Ces paroles de Jésus ne figurent pas dans le texte canonique ; elles proviennent du Codex Bezae. Elles sont visiblement authentiques et expriment avec une clarté parfaite un aspect fondamental de l’enseignement de Jésus. L’homme qui connaît Dieu est au-dessus de la Loi ; celui qui l’ignore est lié par elle, car connaître Dieu, c’est être si profondément un avec Lui que sa volonté est la volonté de Dieu. Spontanément, dans chacune de ses pensées et de ses actes, il exprime Dieu : Dieu ne se réalise qu’à travers l’homme.
De retour à Capharnaüm, Jésus entra dans la synagogue. Il savait que les pharisiens y seraient, car le service de la synagogue était précieux pour le pharisien. C’était le centre de sa religion vivante. La synagogue, lieu réservé à l’étude aimante de la Loi de Dieu, était la création du pharisien et le bastion de sa foi. C’est pourquoi, lorsque Jésus y entra, [ p. 85 ] il savait qu’il entrait dans une nouvelle épreuve de force, parmi des hommes zélés au service de la synagogue. Il était venu pour les détruire.
Il y avait là un homme à la main sèche. Les pharisiens observaient ce que Jésus allait faire.
Il dit à l’homme : « Avance au milieu. » L’homme se tenait là.
Jésus se tourna vers les pharisiens et dit :
« Est-il permis, le jour du sabbat, de faire du bien ou de faire du mal, de sauver une vie ou de la perdre ? »
Et ils restèrent silencieux.
Jésus reprit la parole :
« Lequel d’entre vous, ayant une brebis, et si elle tombe dans une fosse le jour du sabbat, ne la saisit et ne l’en retire ? Et combien plus qu’une brebis, un homme ? »
Ils restèrent silencieux. Alors Jésus les regarda avec colère, piqué par leur silence maussade, et dit à l’homme :
« Tends la main ! »
Il l’étendit et il fut restauré.
D’après le récit de Marc, l’homme n’avait pas fait appel à Jésus. Et il est probable qu’il ne l’ait pas fait. L’enjeu ne se limitait pas à la guérison d’une main desséchée. En réalité, les pharisiens, sachant que l’homme désirait [ p. 86 ] être guéri par Jésus et croyait qu’il le pouvait, l’avaient conduit à la synagogue et lui avaient interdit, sous peine de transgression du sabbat, de faire appel.

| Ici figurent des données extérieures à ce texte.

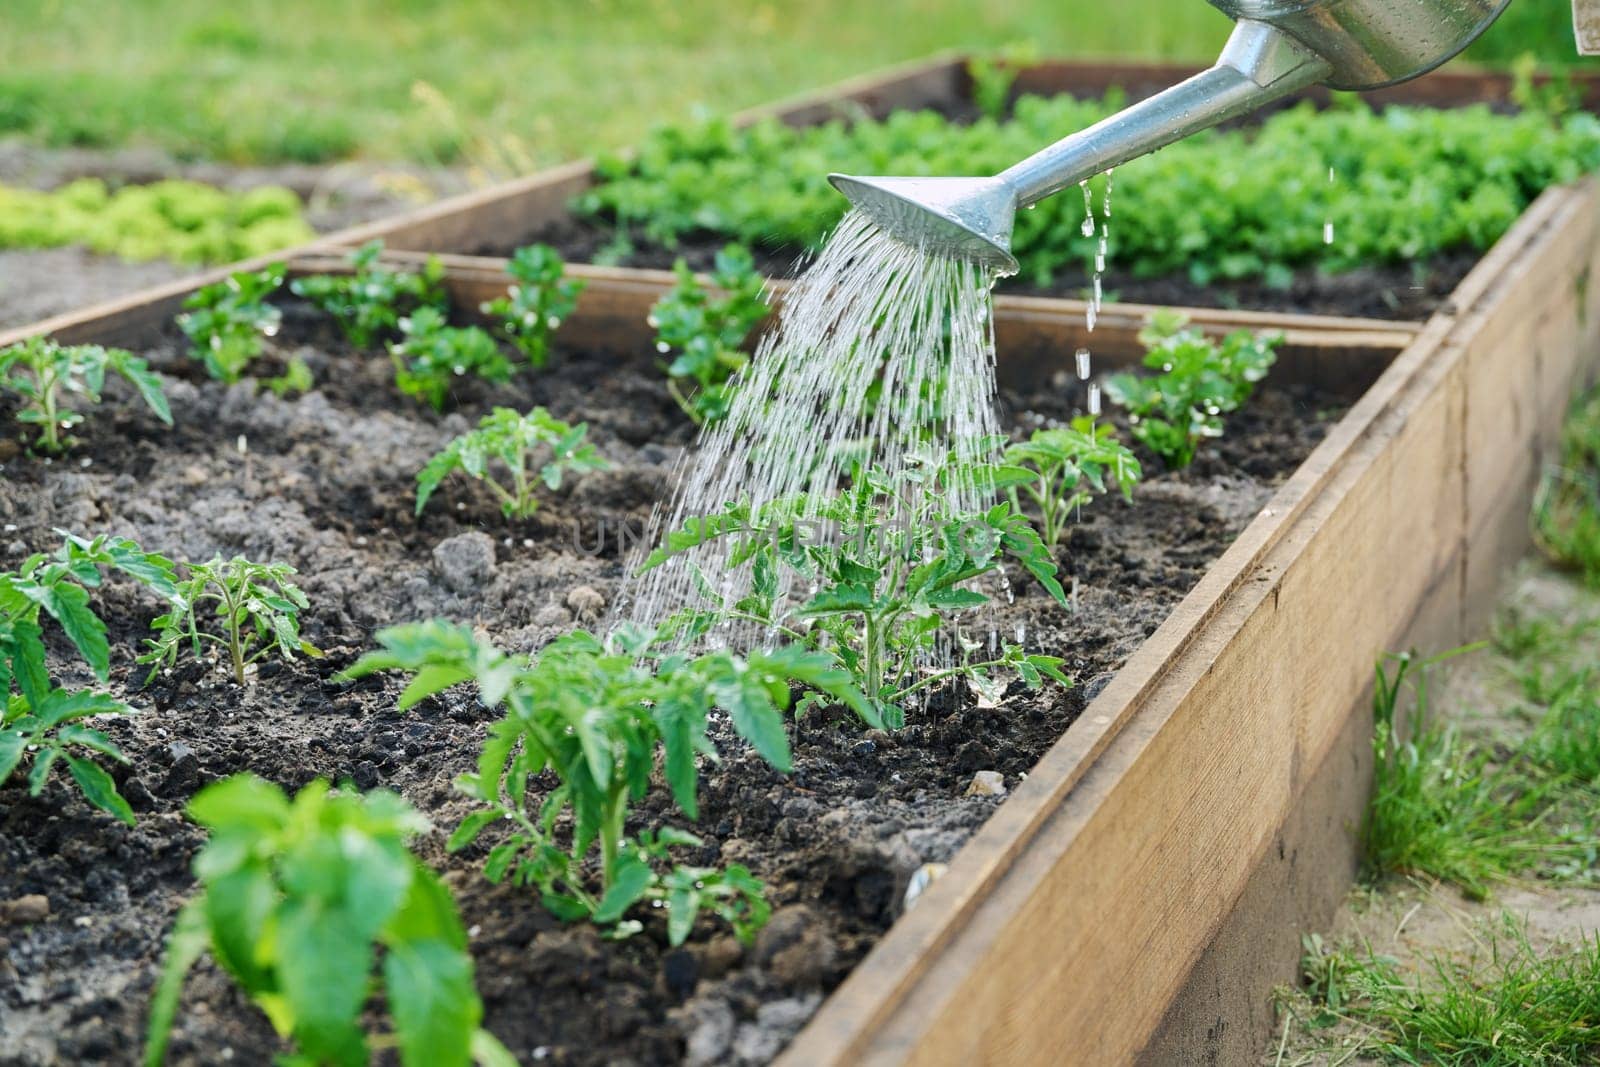 Close-up of watering can watering young tomato and vegetable plants in wooden bed. Agriculture, work in the spring summer vegetable garden

Certes, le décor était planté, le défi préparé par les pharisiens. Jésus l’accepta et, par ses paroles aux pharisiens, l’éleva au rang de chose suprême. Il ne s’agissait plus de guérir ou de ne pas guérir, d’observer ou non le sabbat. Il s’agissait d’une conception du bien opposée à une autre. Les deux étaient formulées dans les mêmes termes : faire la volonté de Dieu. Quelle était donc la volonté de Dieu ? Lequel des deux, Jésus ou le pharisien, la connaissait ? Était-ce que les hommes fassent le bien ou qu’ils observent la Loi ?
Pour Jésus, la réponse était claire. La volonté de Dieu était que l’homme fasse le bien, indépendamment de la Loi. Si, en transgressant la Loi, il faisait le bien, alors il était prouvé que la volonté de Dieu était que la Loi soit transgressée.

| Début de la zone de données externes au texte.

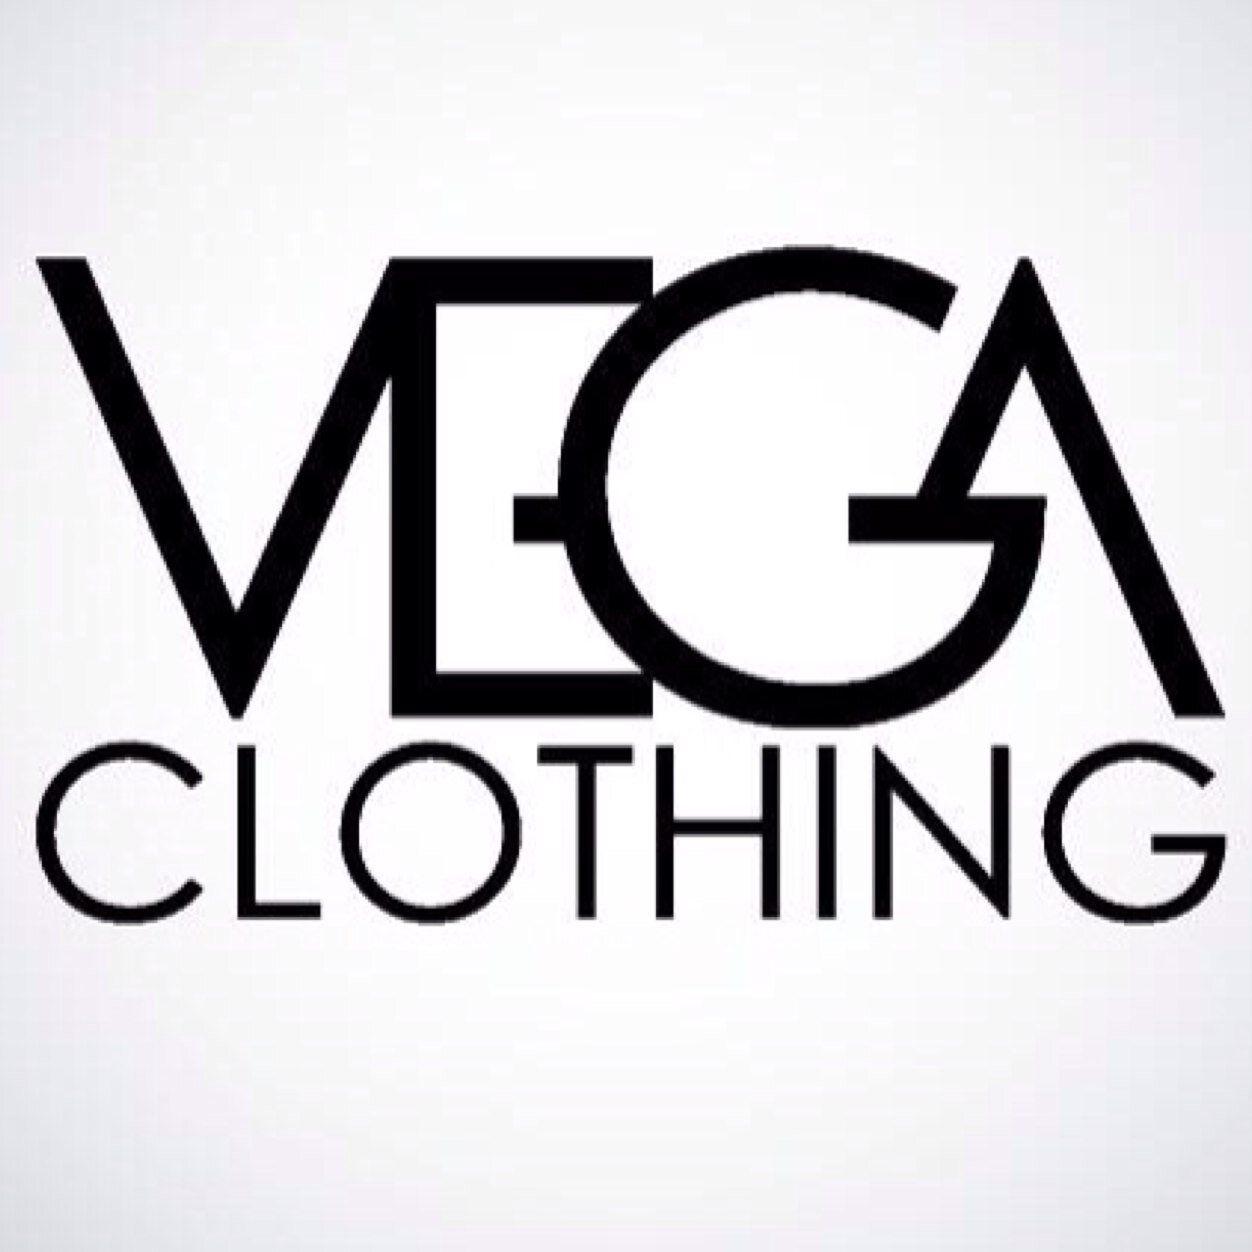 Well Known Clothing Logo - VEGA Clothing Article: The Inspiration Behind 20

Il fut prouvé que l’homme dont la main avait été guérie se tenait au milieu de la synagogue.
Mais cela ne fut pas prouvé pour les pharisiens. S’ils n’avaient pas de réponse sur le moment, ils en trouveraient bientôt une : la Loi étant transgressée, [ p. 87 ] ce n’était pas de Dieu que Jésus tenait son pouvoir de guérison, mais du diable. Cependant, ils avaient une réponse dans leur cœur. Ils sortirent aussitôt de la synagogue et tinrent conseil avec les chefs d’Hérode Antipas pour savoir comment faire périr Jésus.